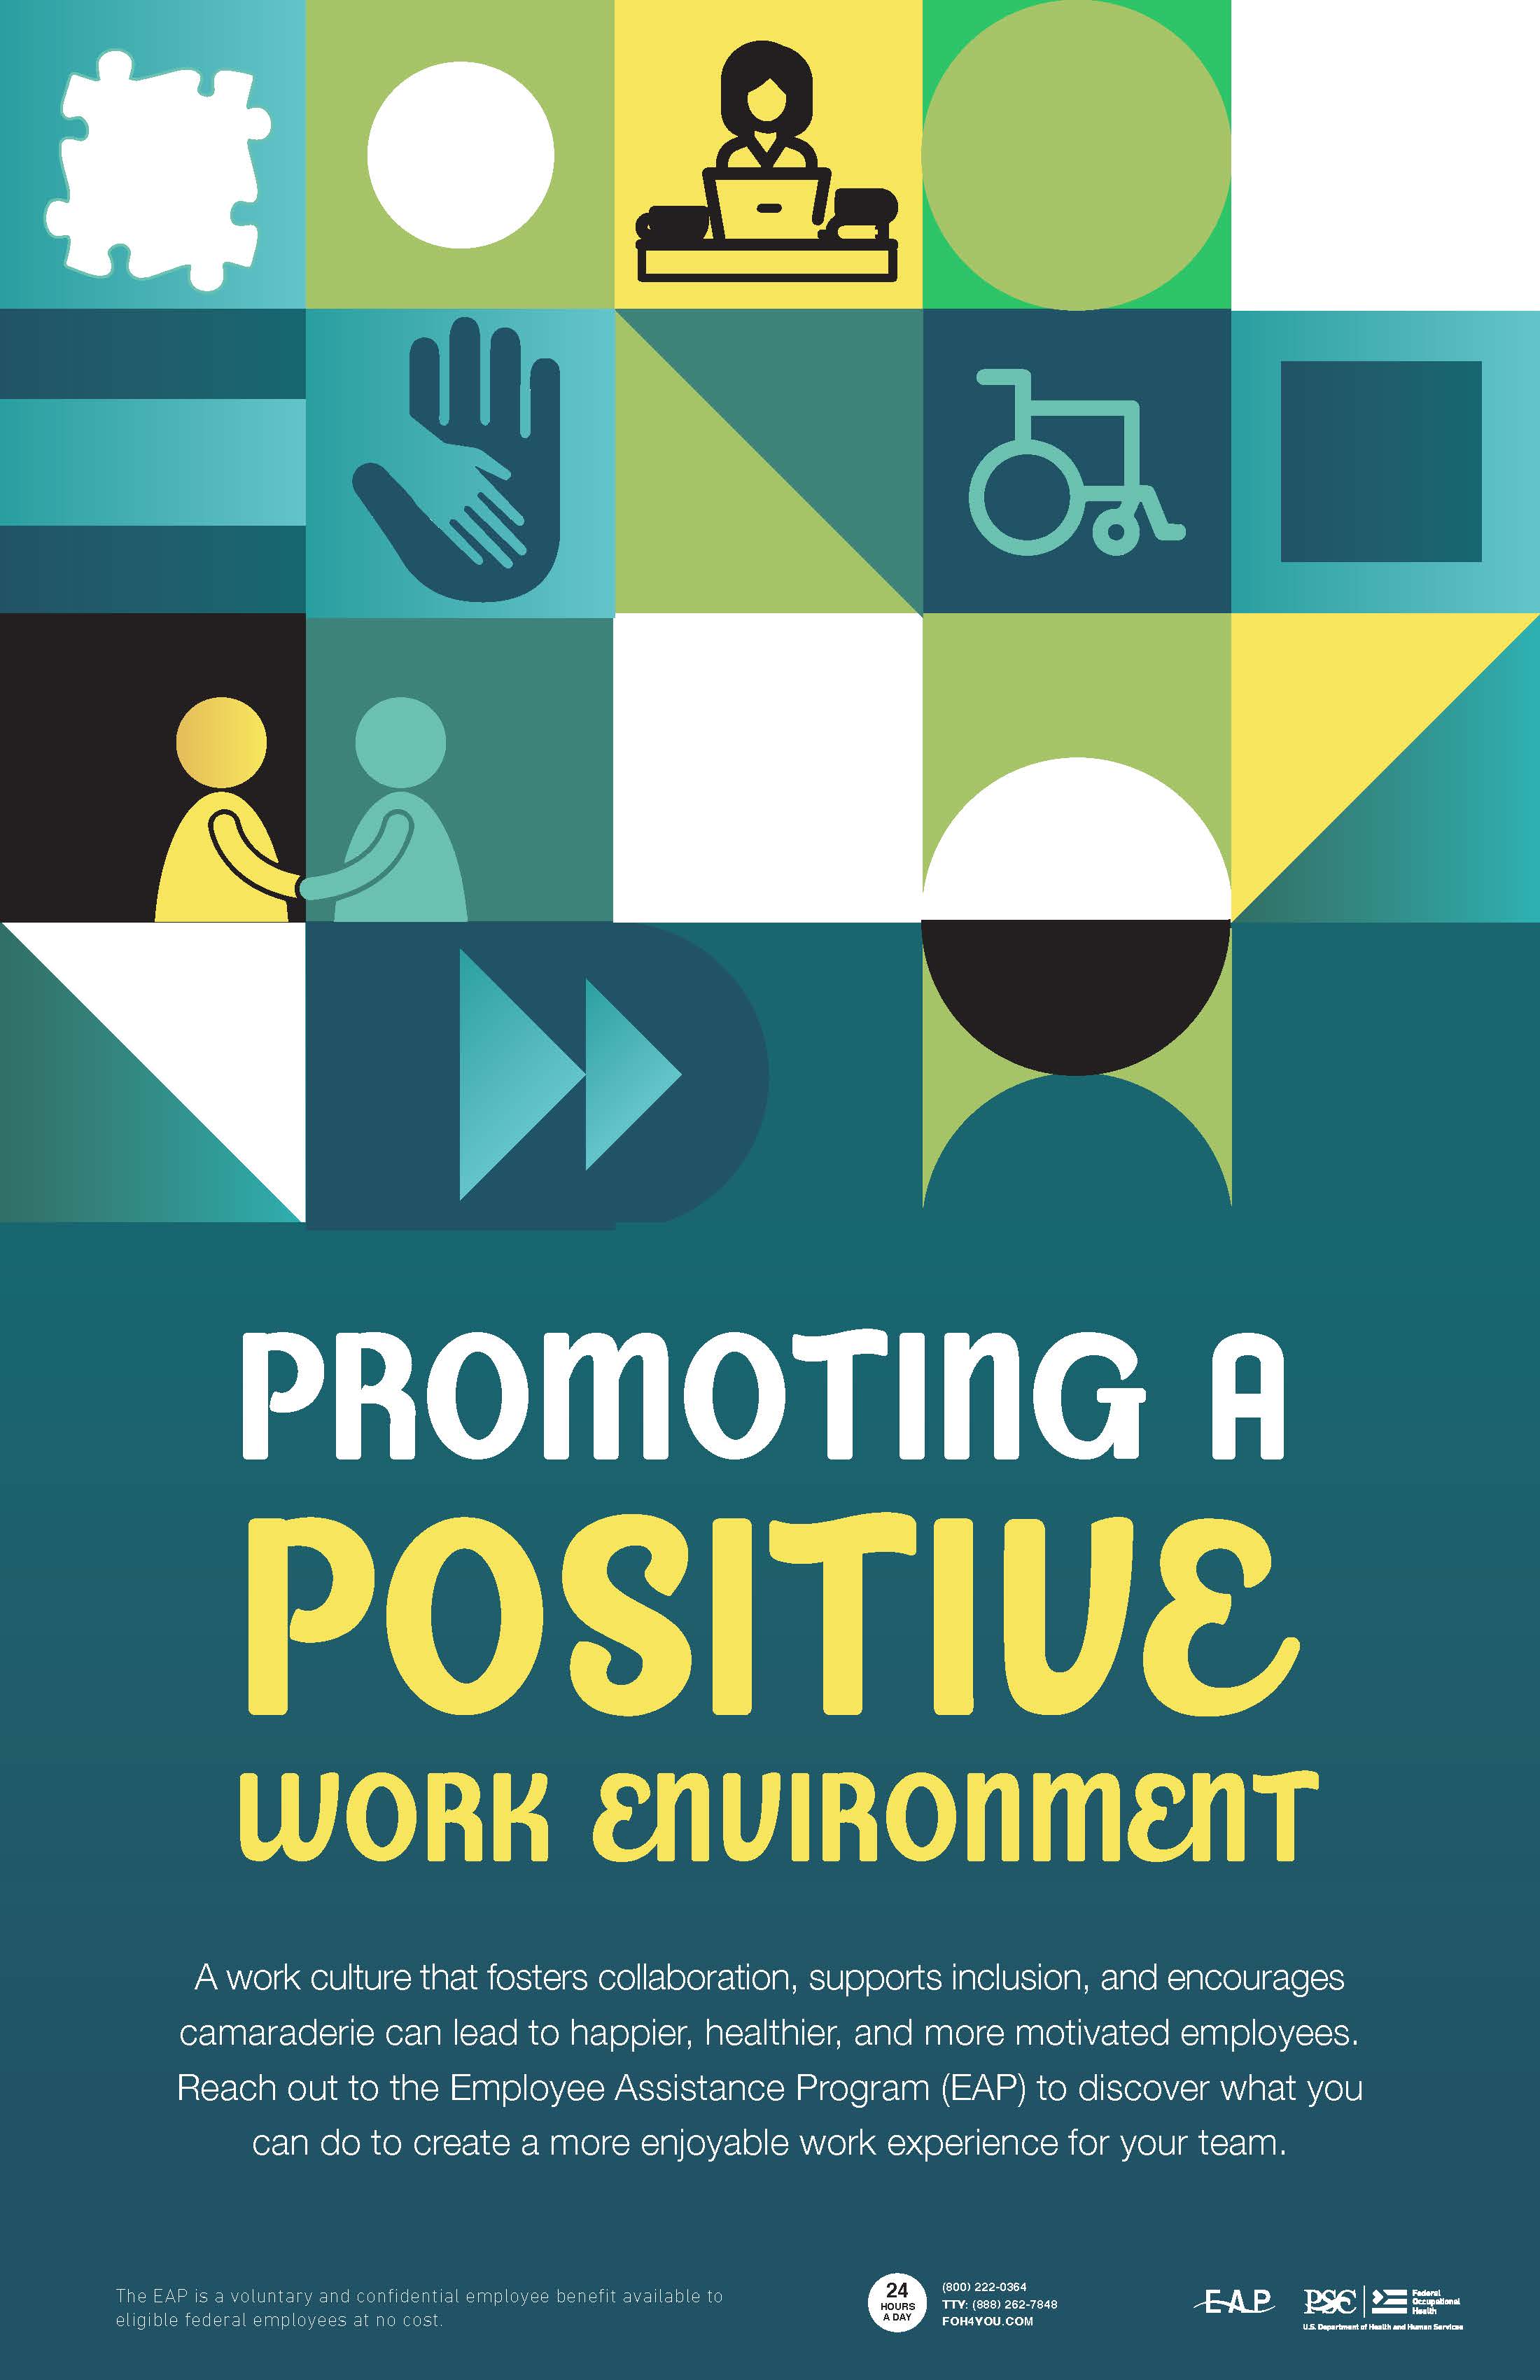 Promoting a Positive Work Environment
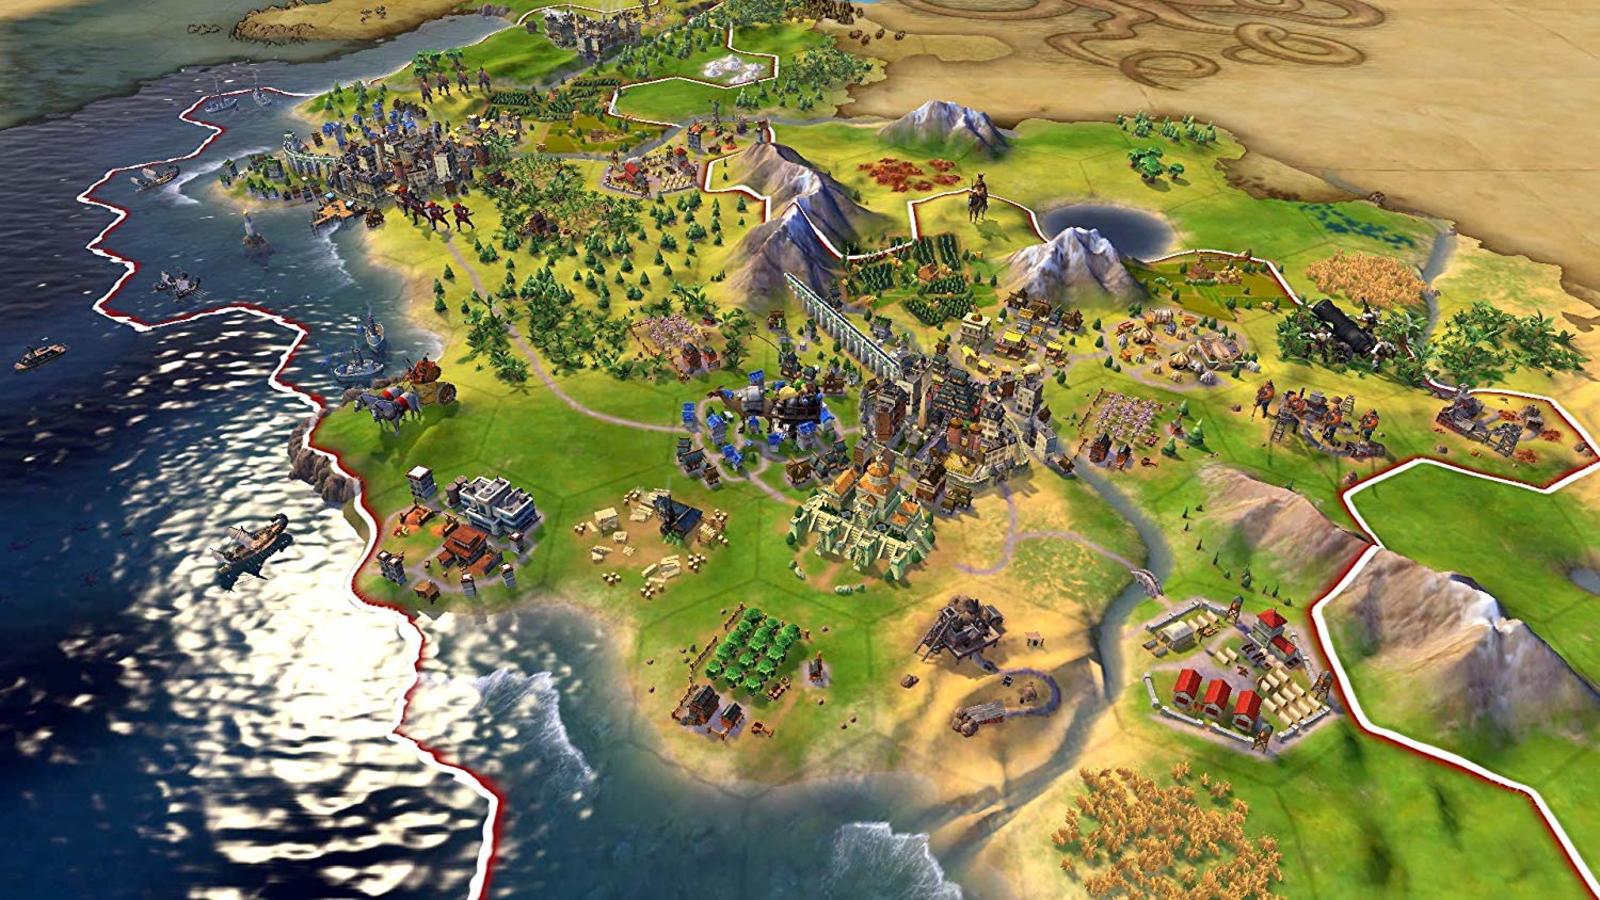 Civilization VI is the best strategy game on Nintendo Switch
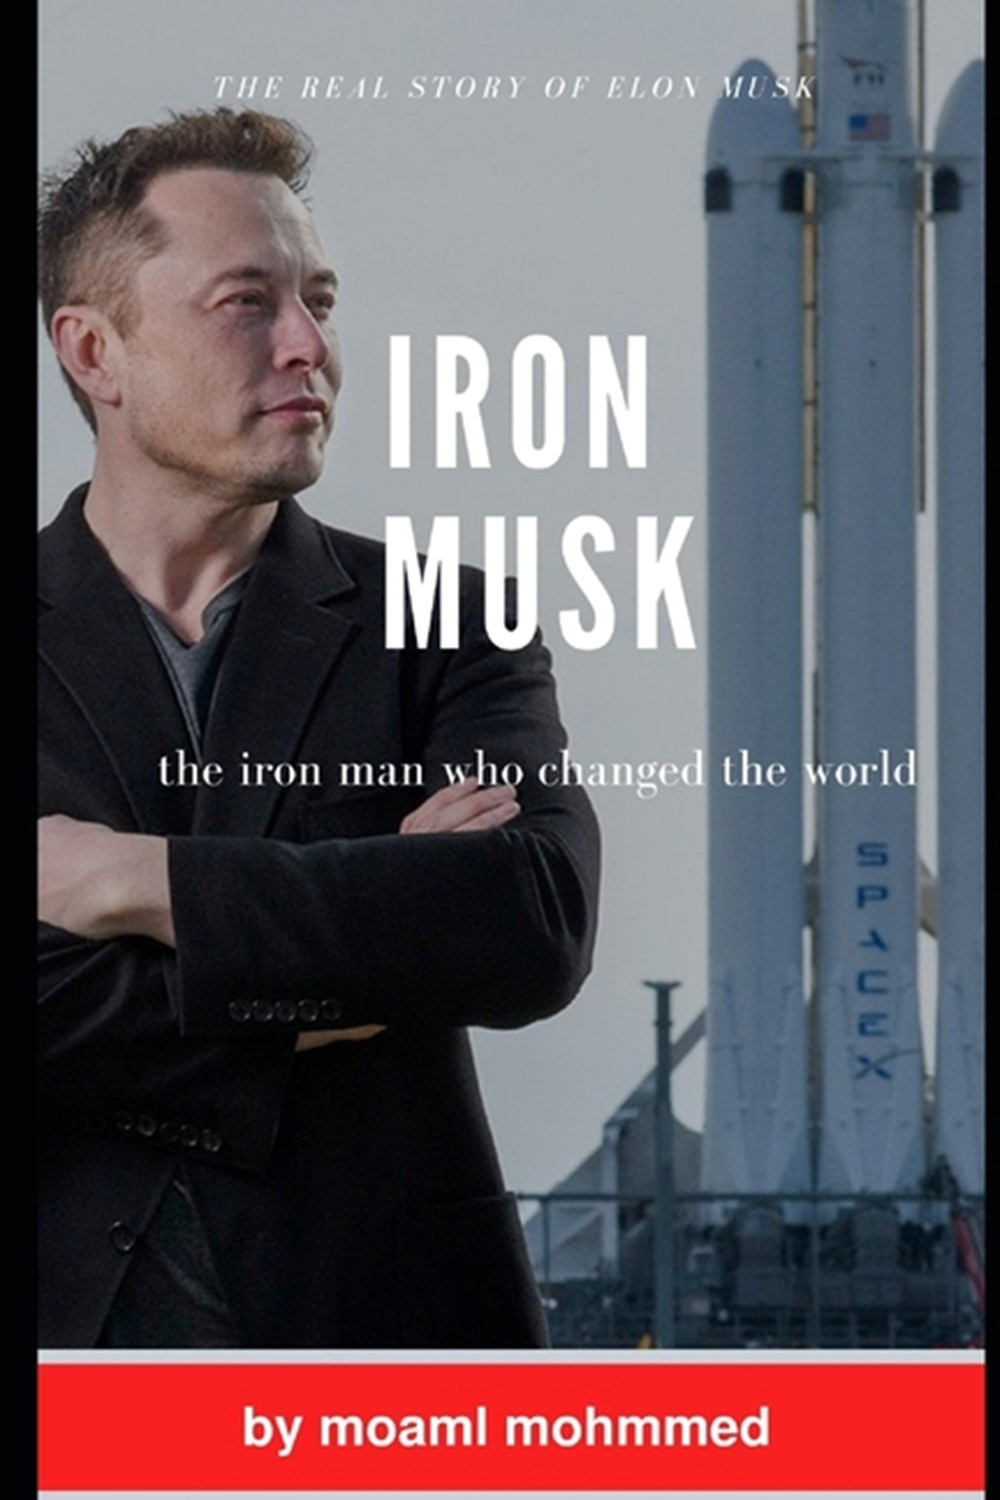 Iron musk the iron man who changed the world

++++

WHAT YOU NEED TO DO -> In this exercise, set down all of the data exactly, without the pictures.

ANSWER SPACE ->
 Promoting a Positive Work Environment
 Civilization VI is the best strategy game on Nintendo Switch
 Iron musk the iron man who changed the world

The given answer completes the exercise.